The library exemplifies thoughtful design. The stacks in the middle of the room don’t rise more than chest high, allowing for easier supervision by a limited staff. The front wall is glass, with an electric sunshade that can lower as needed. There’s also a skylight, although the room can be made completely dark for films or slide presentations. Couches and chairs have built-in power outlets and USB ports for cellphones. (There were no smartphones when the construction project began.)

To encourage students to gather, much of the furniture — in different heights and styles — can be moved around easily. One of the library entrances opens onto a small amphitheater. In addition to the main cafeteria, students can congregate in three smaller dining areas.

To provide security without the look of a penitentiary, the buildings themselves form much of the perimeter and the remaining fencing looks more artful than foreboding. Fracture-resistant glass replaces burglar bars.

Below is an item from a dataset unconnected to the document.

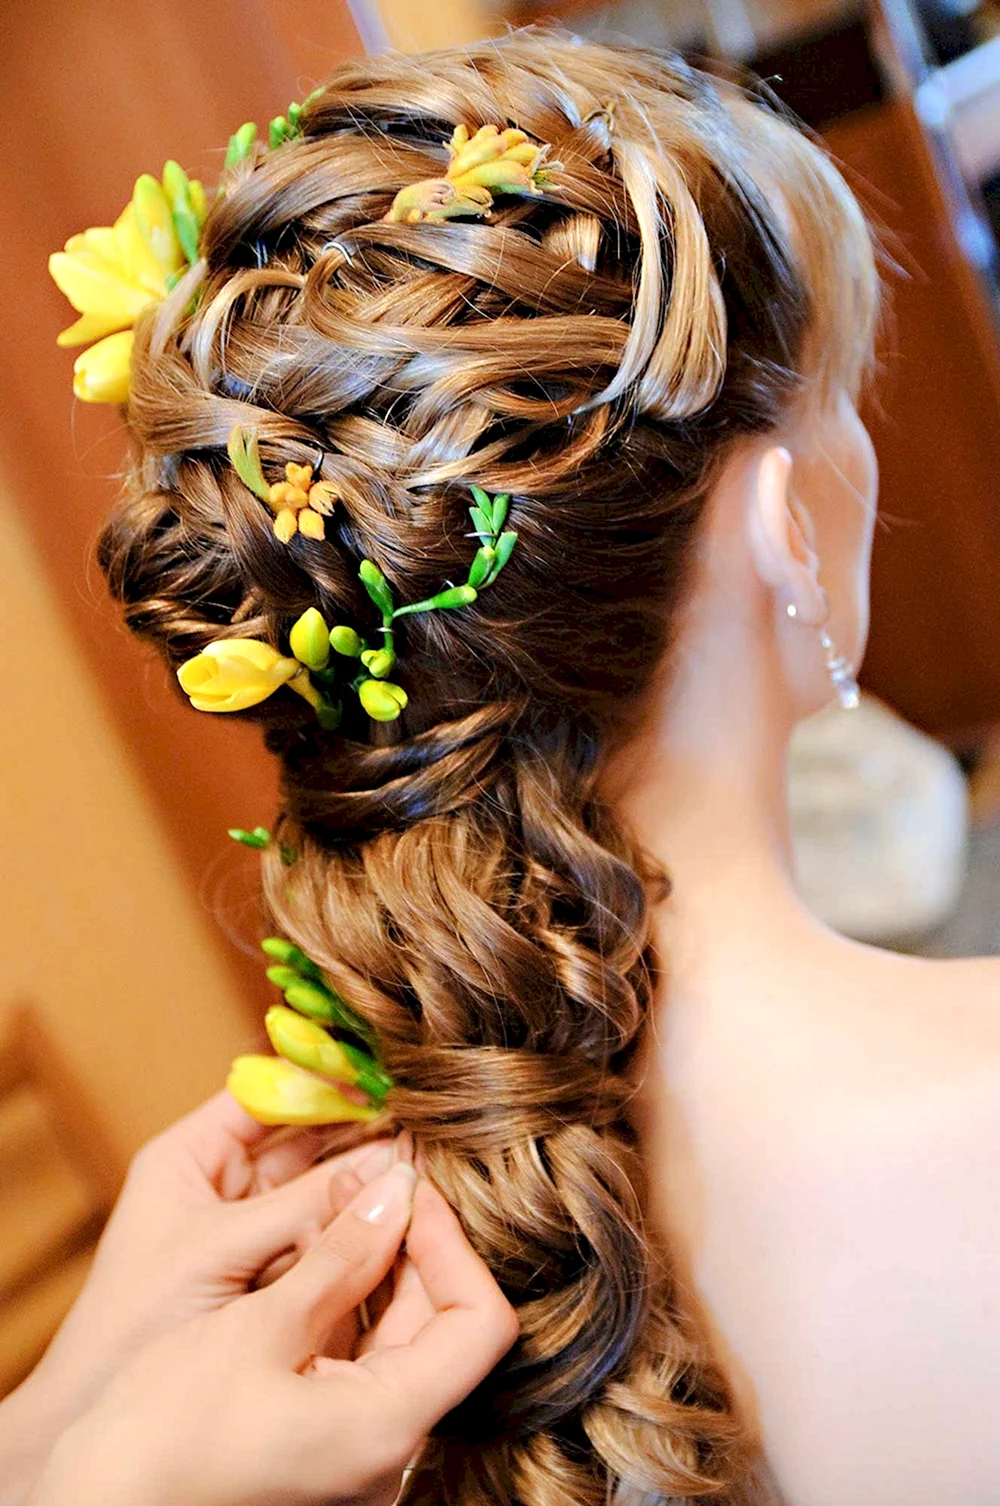 2. Simple Braid with Flowers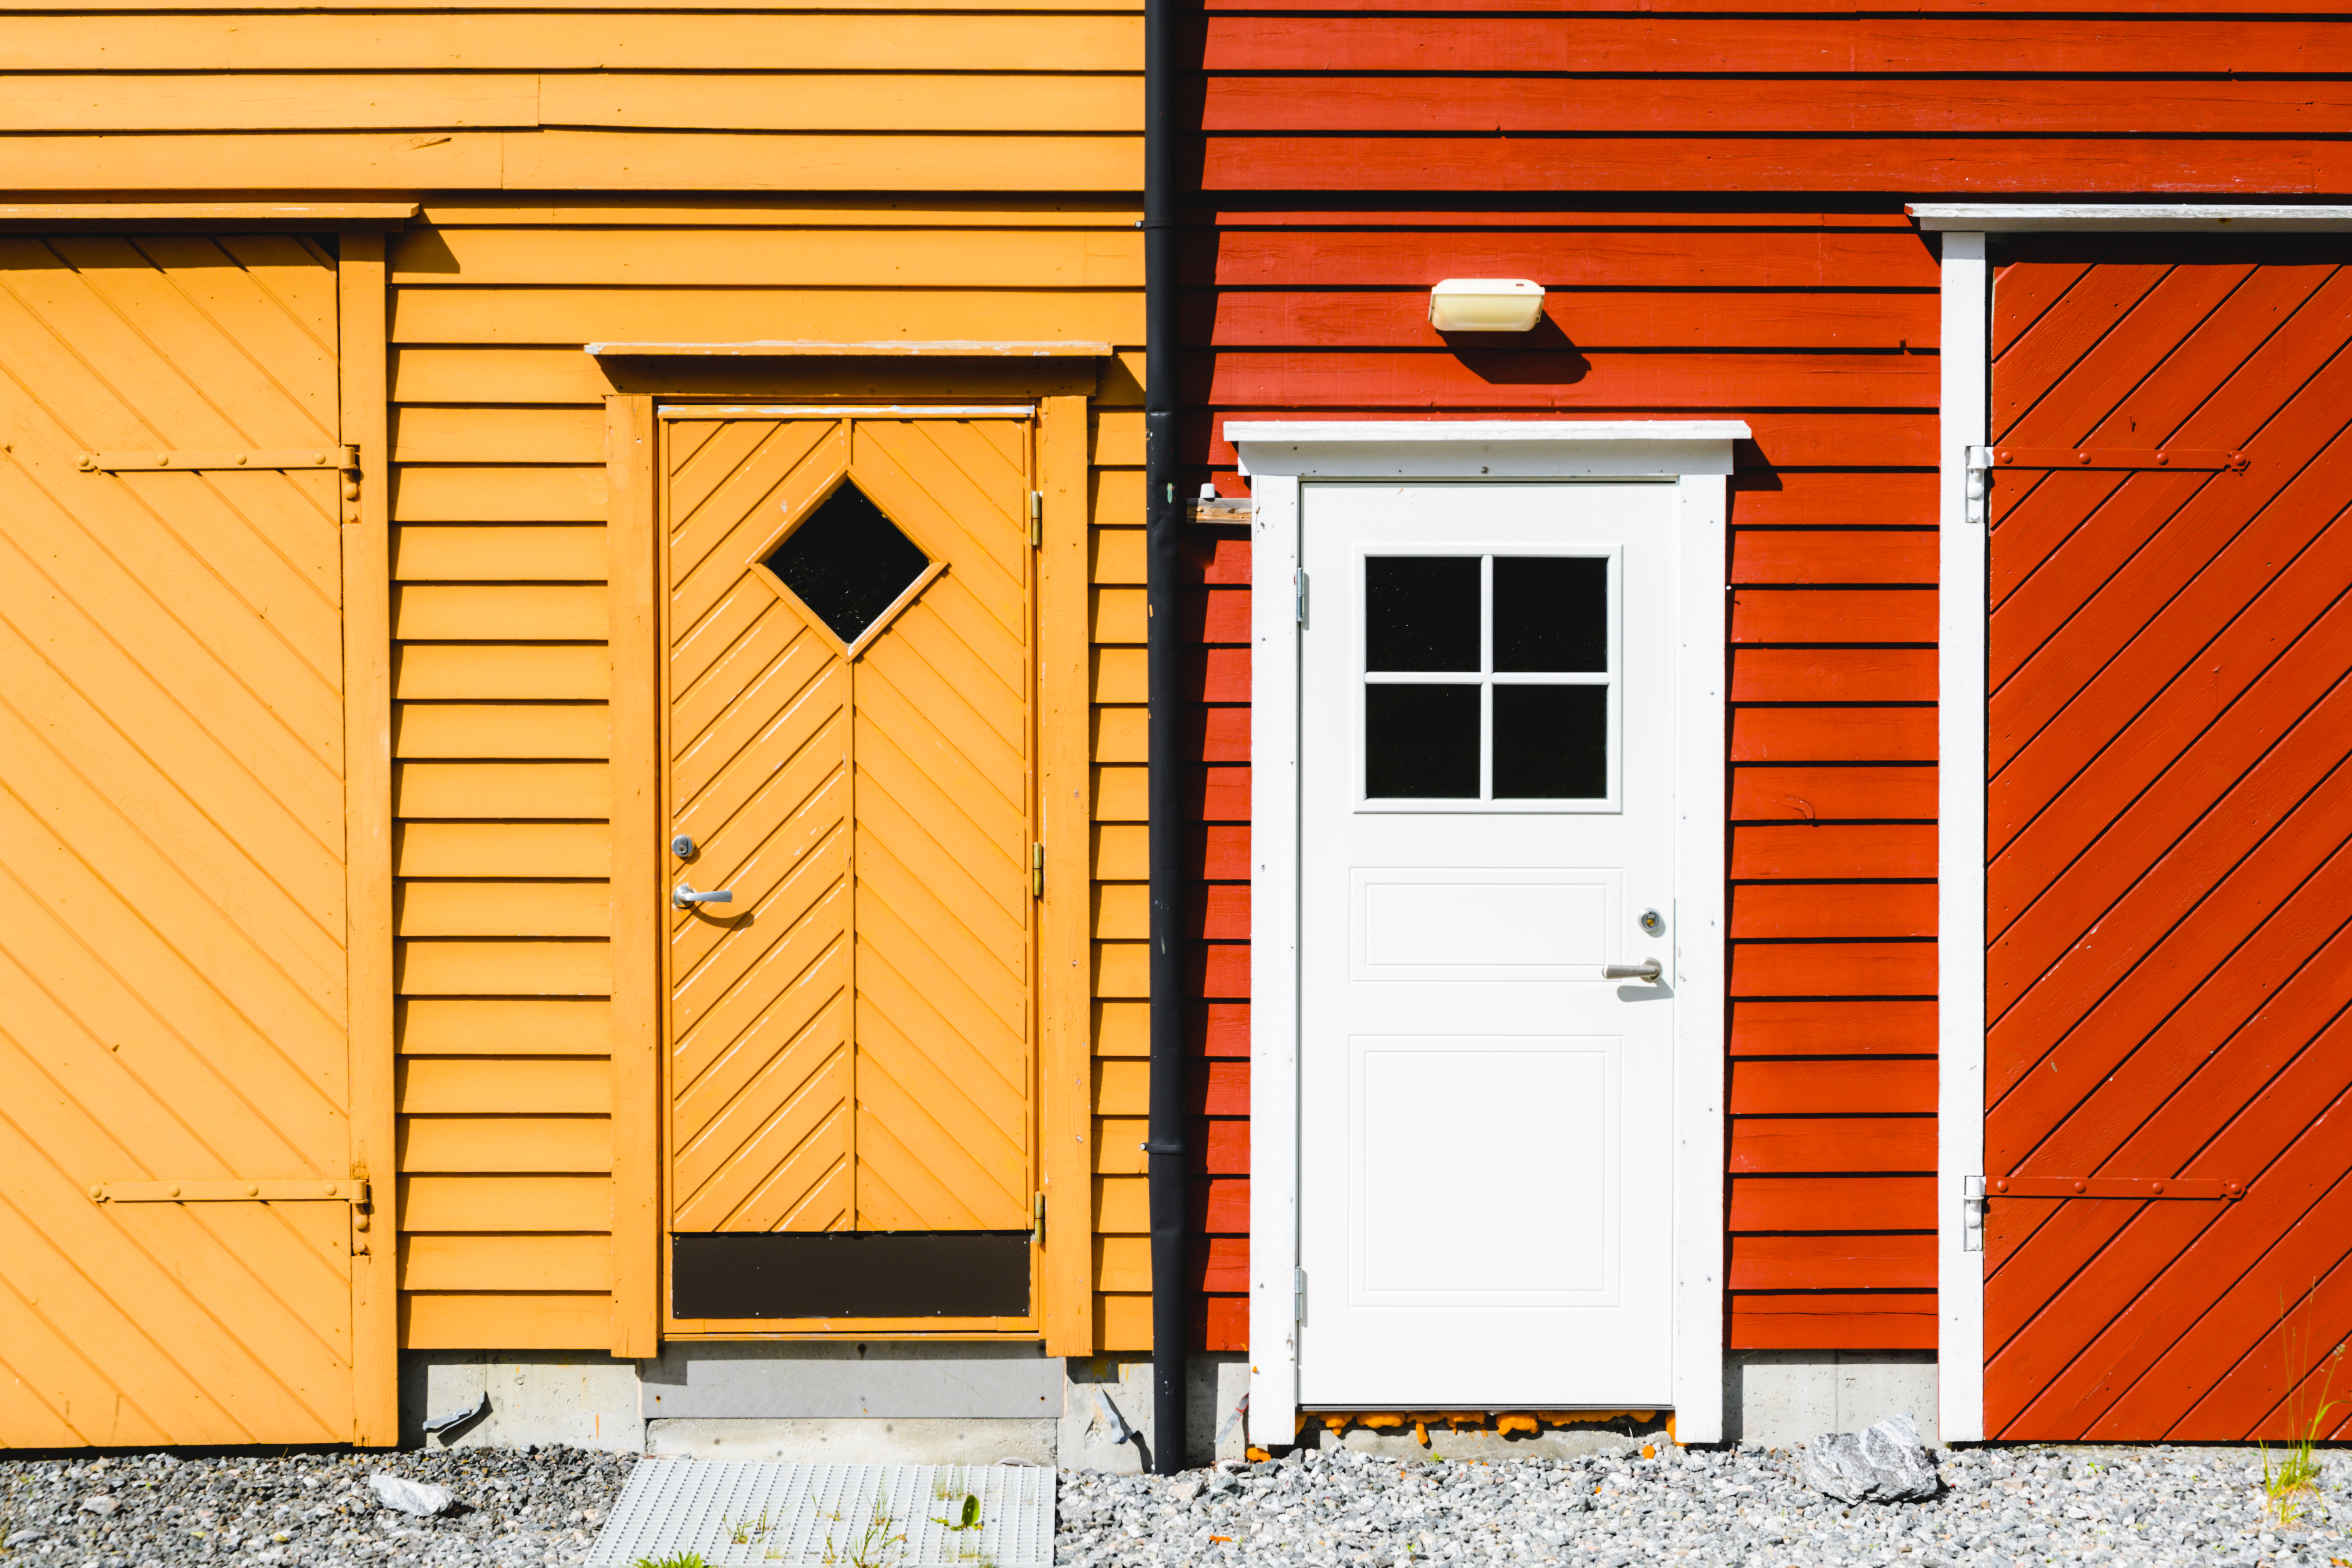 Doors of two neighboring houses | Source: Getty Images

The district also learned lessons about economy and efficiency. The floors, for example, are a concrete composite with a shiny finish, easier and less expensive to maintain than tile.

The exterior design and roof drainage channel rainwater into drought-tolerant landscaping, where pollutants can filter out before water enters public storm drains.

Another lesson the district learned is that it could take a beating for taxpayer-funded campuses that critics called extravagant, such as the Robert F. Kennedy complex on the site of the old Ambassador Hotel, where Kennedy was assassinated. That design recreated features of the hotel in the new school.

Most of the new district schools are state of the art inside, with colorful but architecturally unremarkable exteriors.

“With public schools you’re trying to get the most you can for the dollar,” said Ben Levin, principal and senior architect for DLR Group, which designed the Maywood school in hues that change from one building to another.

“People are blown away by the color and it’s such a simple thing,” Levin said. “Color is something that’s free.”

Homeowners will be paying off bonds for the school construction well beyond 2040. Right now, it costs them $131 for each $100,000 of assessed property value.

In another era, Maywood might have been packed, but it had more seats than needed to return Bell High to a traditional calendar. So the district made the new campus a regional magnet school, open to students from across the city, in the mold of the popular Los Angeles Center for Enriched Students in Mid-City. Like LACES, the new “MaCES” serves students in grades six through 12.

The concept appears to have worked. Principal Gabriel Duran says he now has a waiting list.